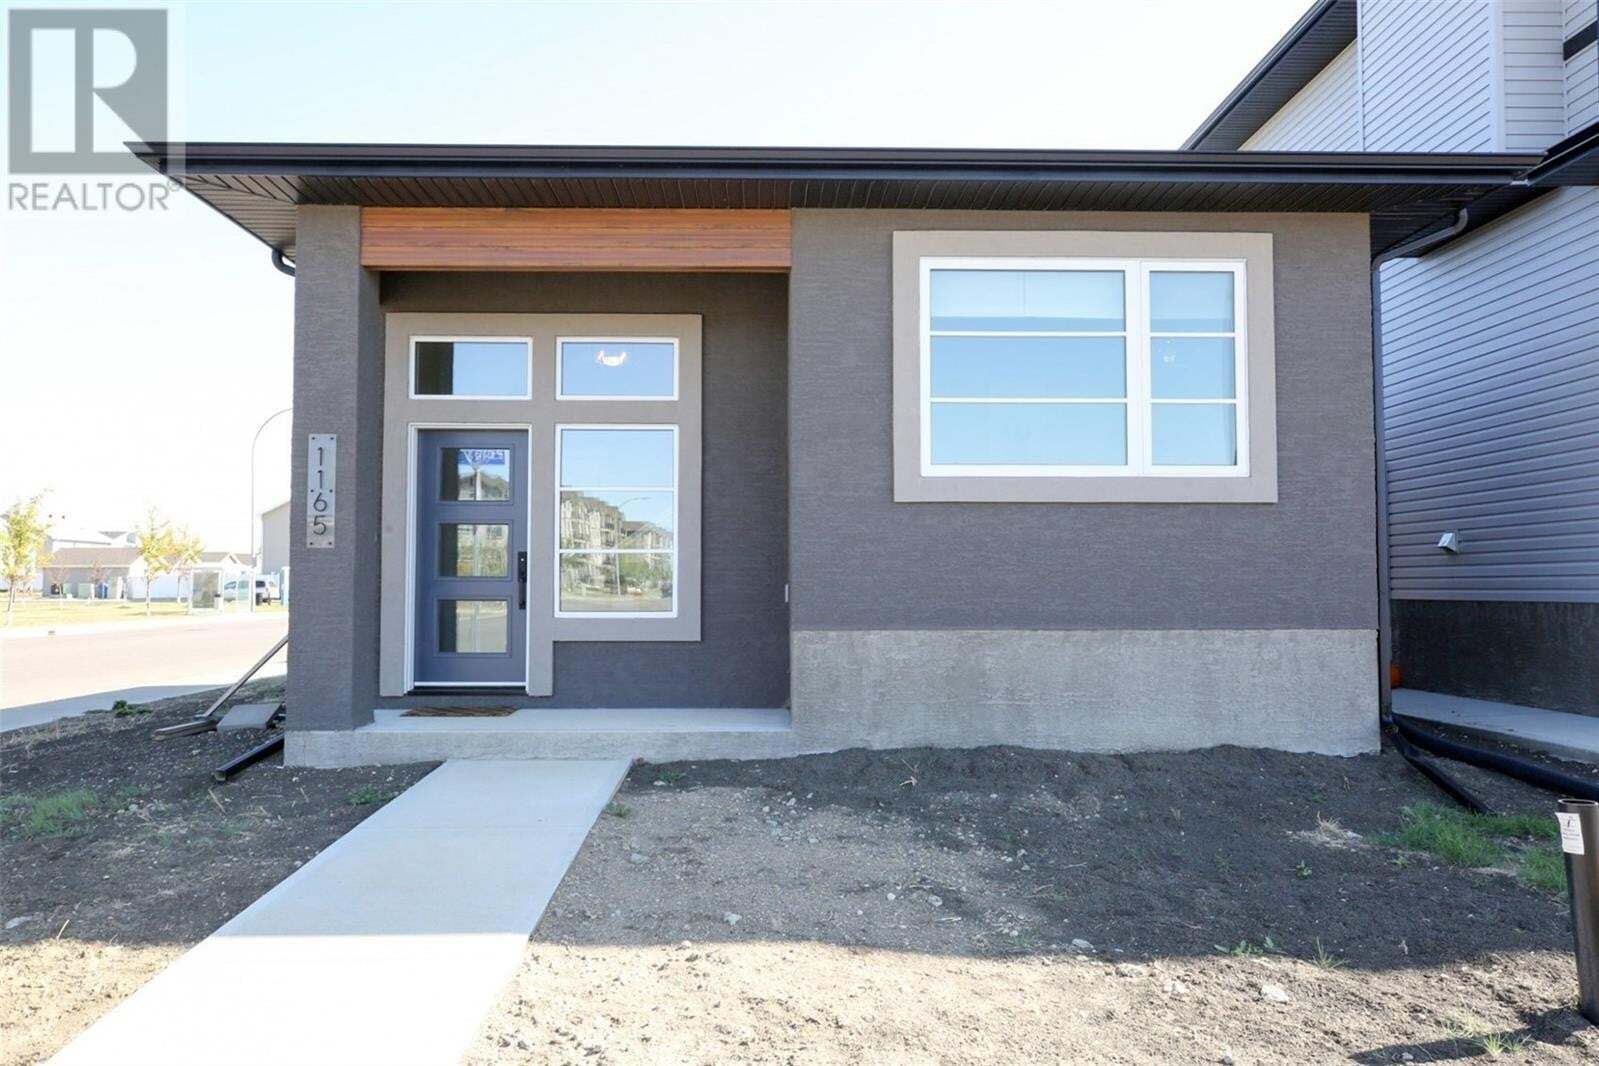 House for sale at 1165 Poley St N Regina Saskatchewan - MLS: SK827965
======
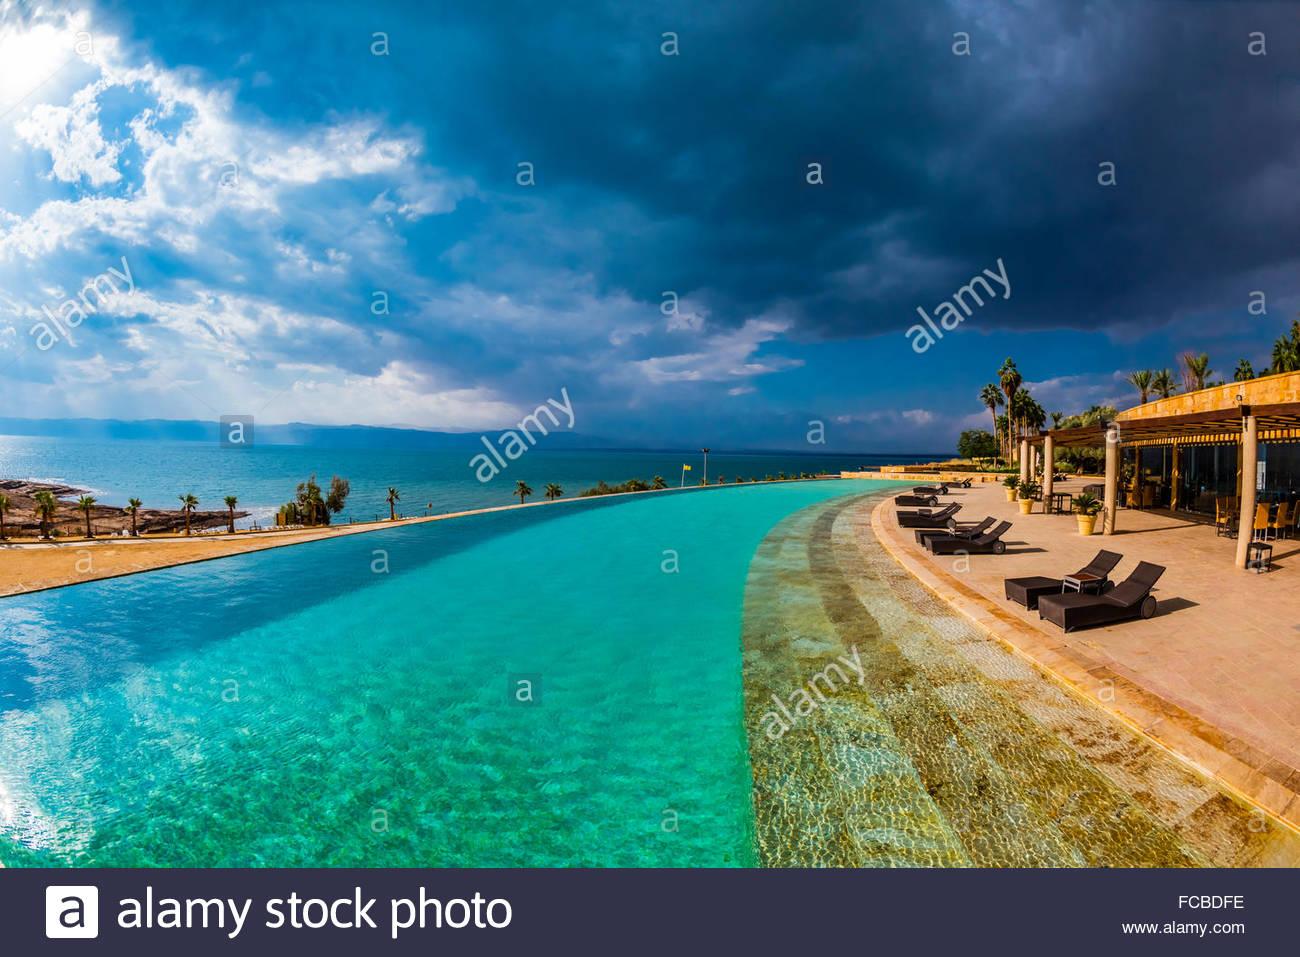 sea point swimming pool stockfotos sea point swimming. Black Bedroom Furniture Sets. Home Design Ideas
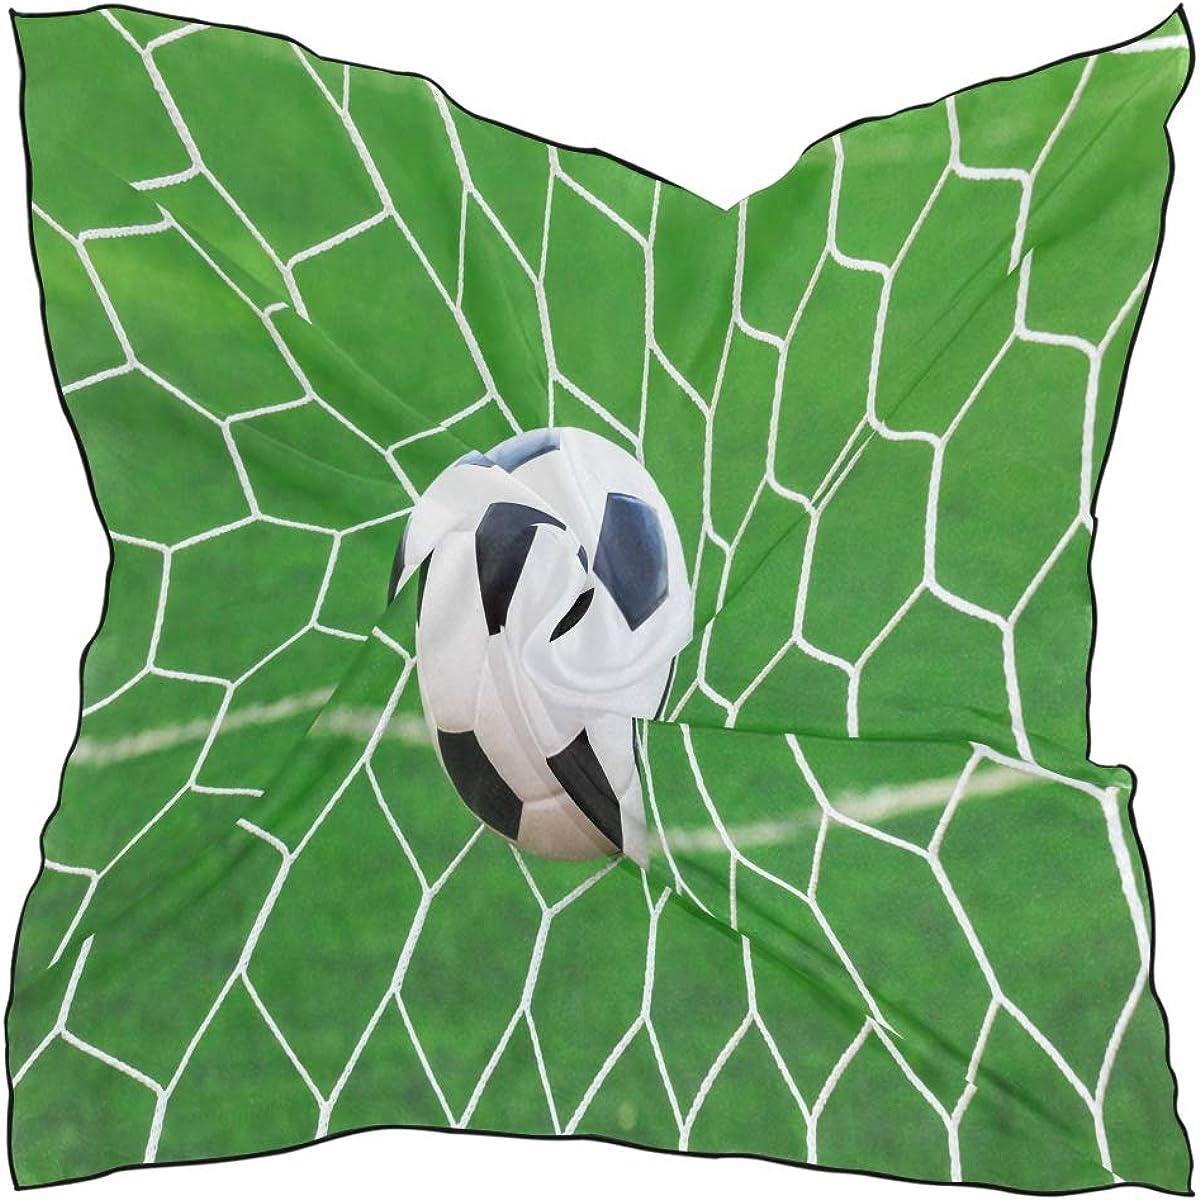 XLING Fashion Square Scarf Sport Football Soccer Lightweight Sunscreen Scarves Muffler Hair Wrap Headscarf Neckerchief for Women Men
======
## AIM OF THE TASK
I'd like the lines above repeated exactly, from the one that contains "sea point swimming pool" through the one that contains "XLING Fashion Square", with no pictures.

## EXPECTED ANSWER
 sea point swimming pool stockfotos sea point swimming. Black Bedroom Furniture Sets. Home Design Ideas
 XLING Fashion Square Scarf Sport Football Soccer Lightweight Sunscreen Scarves Muffler Hair Wrap Headscarf Neckerchief for Women Men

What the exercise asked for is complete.